» Information provided
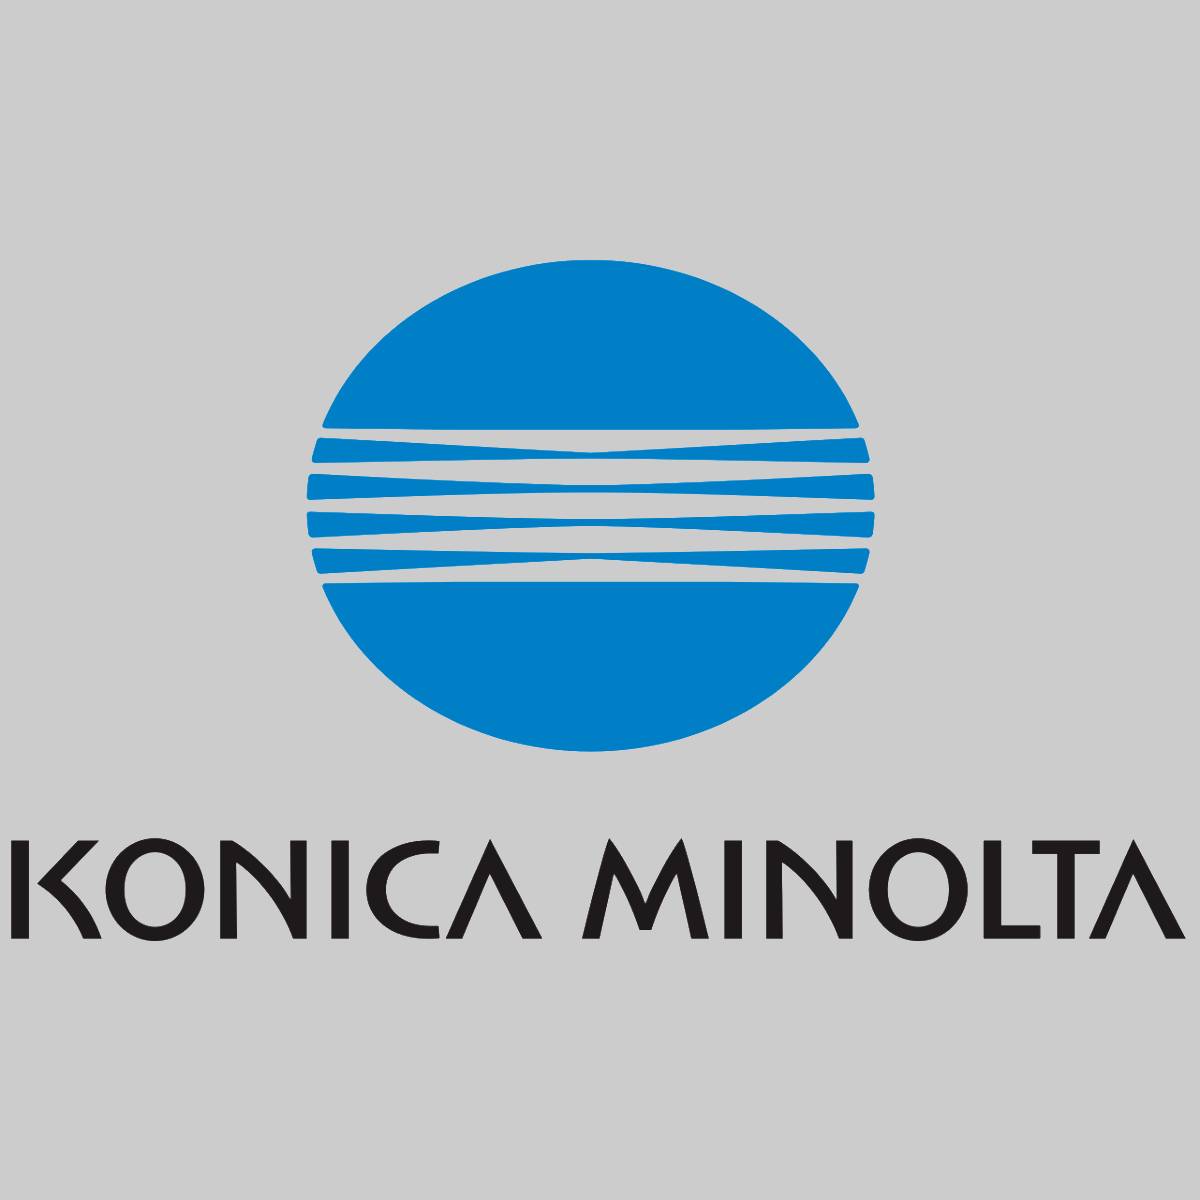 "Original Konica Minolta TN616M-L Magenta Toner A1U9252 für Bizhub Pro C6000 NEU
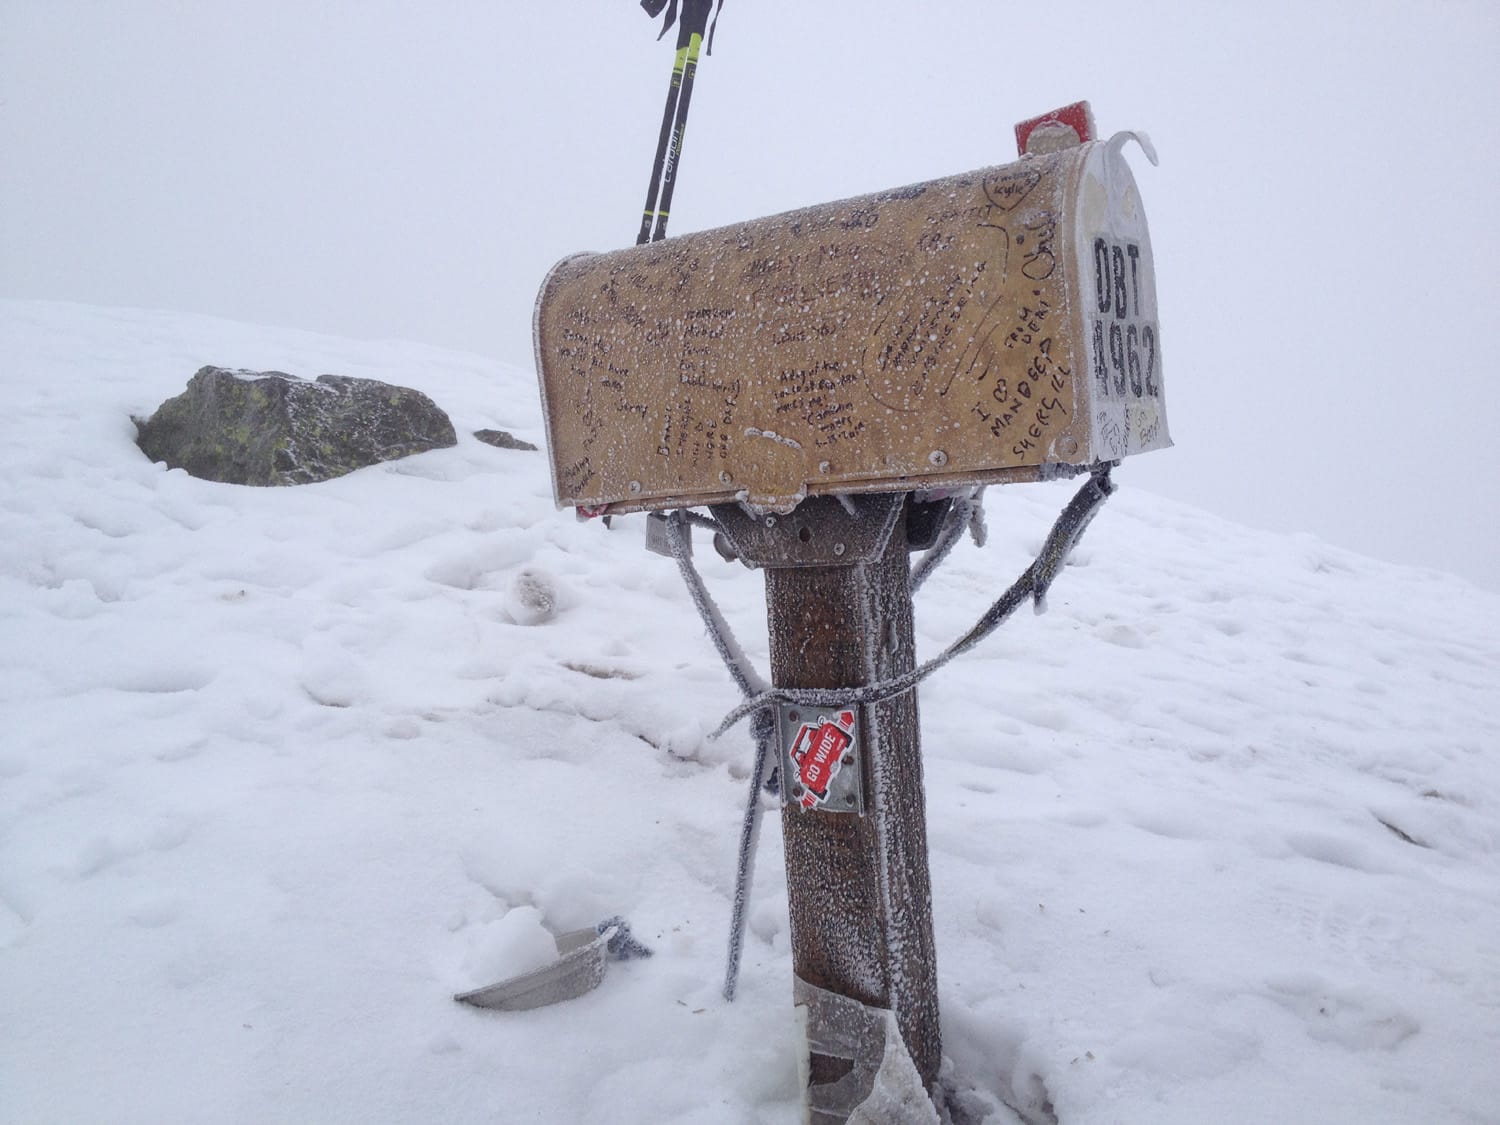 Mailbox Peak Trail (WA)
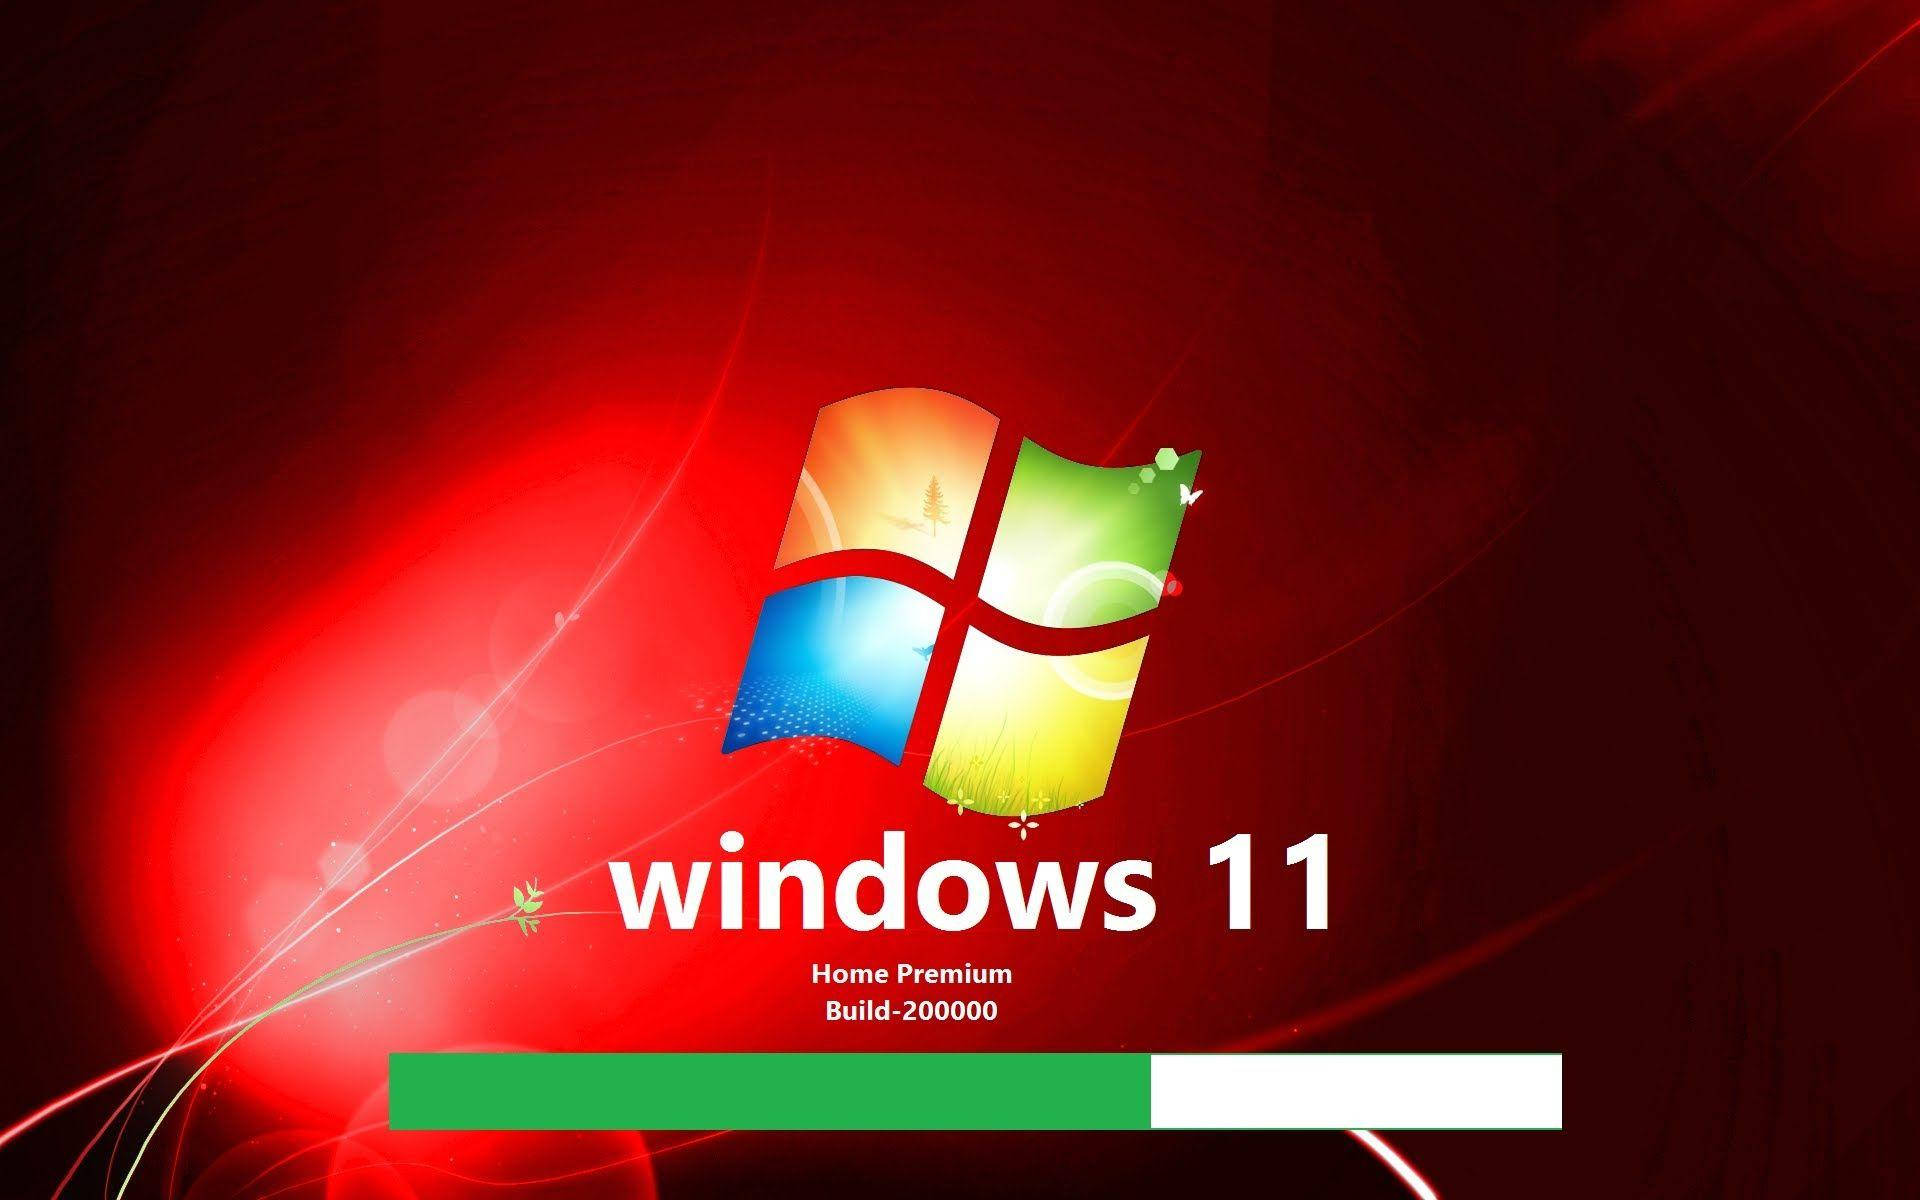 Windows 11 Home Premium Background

» Exercise brief
The response must repeat all the lines above exactly and include no pictures.

» Exercise output
 "Original Konica Minolta TN616M-L Magenta Toner A1U9252 für Bizhub Pro C6000 NEU
 Mailbox Peak Trail (WA)
 Windows 11 Home Premium Background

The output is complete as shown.